Focus-MOT: Multi-target tracking detection algorithm with fine-grained feature extraction aggregation
Jia Hongyu1, Yang Wenwu2,, Zhang Lulu3
1 Dalian Maritime University, No.1 Linghai Road, Dalian, China
2 Dalian Maritime University, No.1 Linghai Road, Dalian, China
3 Dalian Maritime University, No.1 Linghai Road, Dalian, China
Email: yangwenwu@dlmu.edu.cn.
Abstract This work proposes a multi-target tracking and detection algorithm Focus-MOT based on feature refinement extraction fusion, t through the designed Field Enhancement Refinement Module and Information Aggregation Module, which effectively reduces the number of target ID switching.Jointly learns the Detector and Embedding model method becomes the mainstream of multi-target tracking and detection due to its fast detection speed, its Re-ID branch needs to use low-dimensional features and high-dimensional features to accommodate both large and small targets, however, its insufficient feature extraction leads to high ID_SW. Therefore this work aims to extract features of different levels for aggregation as a way to reduce the number of ID switching. The experimental results show a 2.7% improvement in MOTA and a 2300 times decrease in ID_SW relative to the results of the FairMOT algorithm on the MOT17 dataset.
Introduction: Deep learning based multi-target tracking and detection methods can be generally classified into Tracking-By-Detection (referred to as TBD paradigm) and Jointly learns the Detector and Embedding model (referred to as JDE paradigm).The TBD paradigm is represented by Faster R-CNN as the detector of Sort, DeepSort algorithm, MOTDT algorithm, etc. [1-3]. Since the TBD paradigm treats feature vector acquisition and target detection as two separate models and features are not shared, both parts require separate computation time, and the total time is the sum of both, resulting in a lot of time wastage. In contrast, the JDE paradigm uses a single network to fuse target detection and embedding learning, extracts Re-ID features while target detection, and reduces repeated computational inference by sharing features, thus improving the time efficiency of the model while maintaining the same accuracy as the TBD paradigm. For example, Fair-MOT and TADAM algorithms that improve the JDE paradigm [4-6].

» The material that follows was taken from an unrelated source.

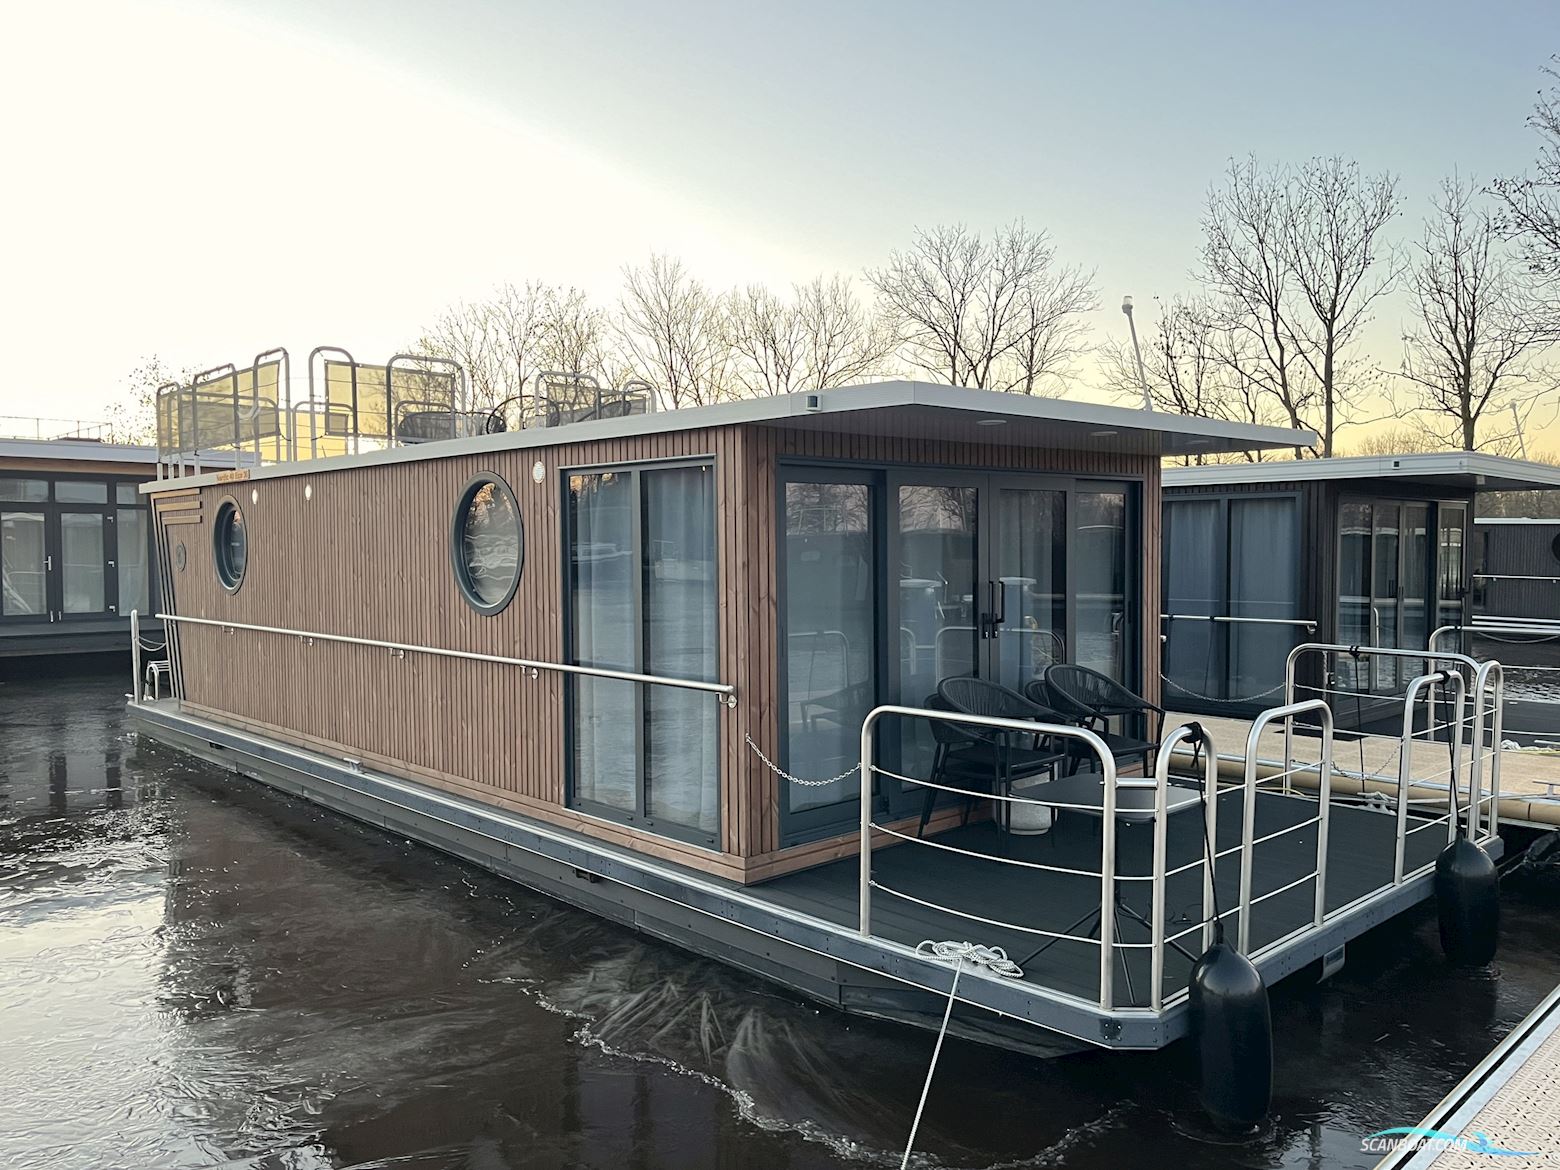 Nordic 40 Met Ligplaats NS 40 Eco 36m2 Houseboat Live a board / River boat 2023, with Yamaha engine, The Netherlands

The JDE paradigm relies on the feature extraction of the backbone network for recognition tracking, and the degree of its extraction seriously affects the detection tracking accuracy.
Focus-MOT improves the feature extraction and fusion strategy under the single network multitasking model, and adopts the JDE paradigm to design the Field Enhancement Refinement Module and Information Aggregation Module, aiming at extracting features of different levels for aggregation through the backbone network. in order to reduce the number of ID exchanges and pursue a balanced progress between detection speed and accuracy.